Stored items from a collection
################

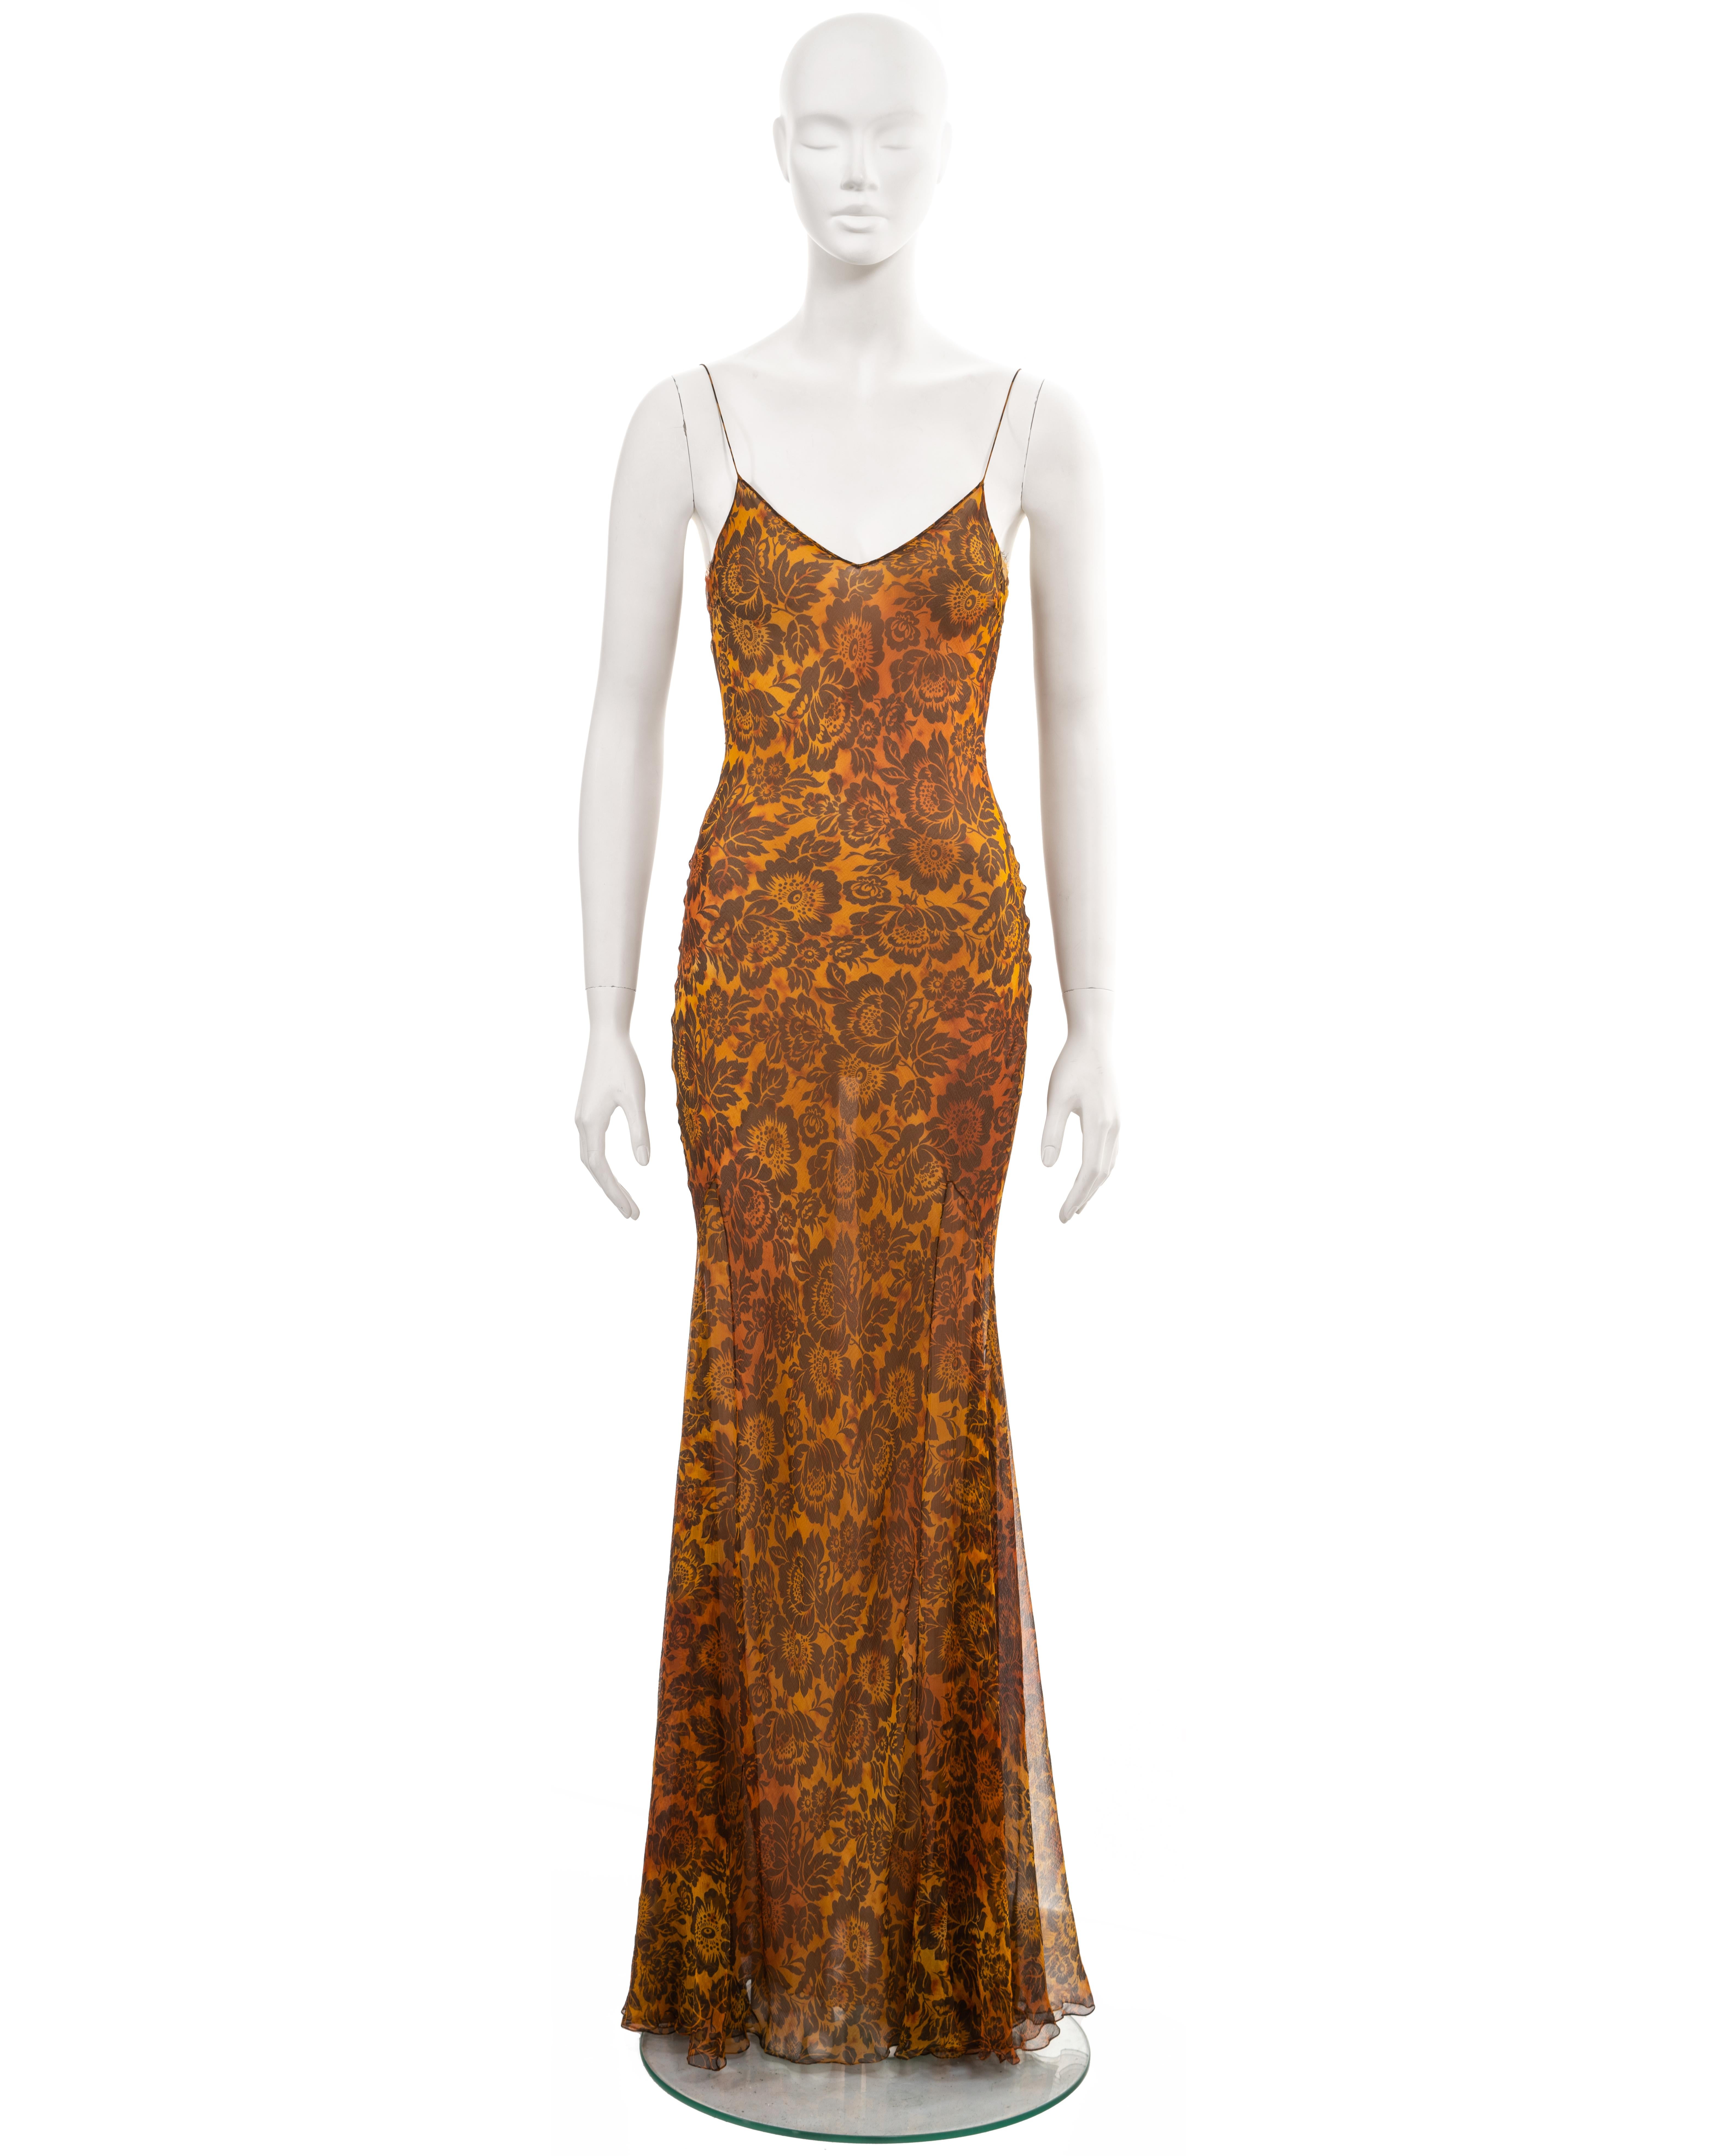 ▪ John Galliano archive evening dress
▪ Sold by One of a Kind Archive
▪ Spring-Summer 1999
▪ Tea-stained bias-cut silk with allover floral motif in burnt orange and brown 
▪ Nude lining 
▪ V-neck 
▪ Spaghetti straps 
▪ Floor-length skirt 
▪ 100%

################

→ TASK: Copy every line above exactly, leaving no picture in the copy.

→ EXERCISE OUTPUT:
 ▪ John Galliano archive evening dress
▪ Sold by One of a Kind Archive
▪ Spring-Summer 1999
▪ Tea-stained bias-cut silk with allover floral motif in burnt orange and brown 
▪ Nude lining 
▪ V-neck 
▪ Spaghetti straps 
▪ Floor-length skirt 
▪ 100%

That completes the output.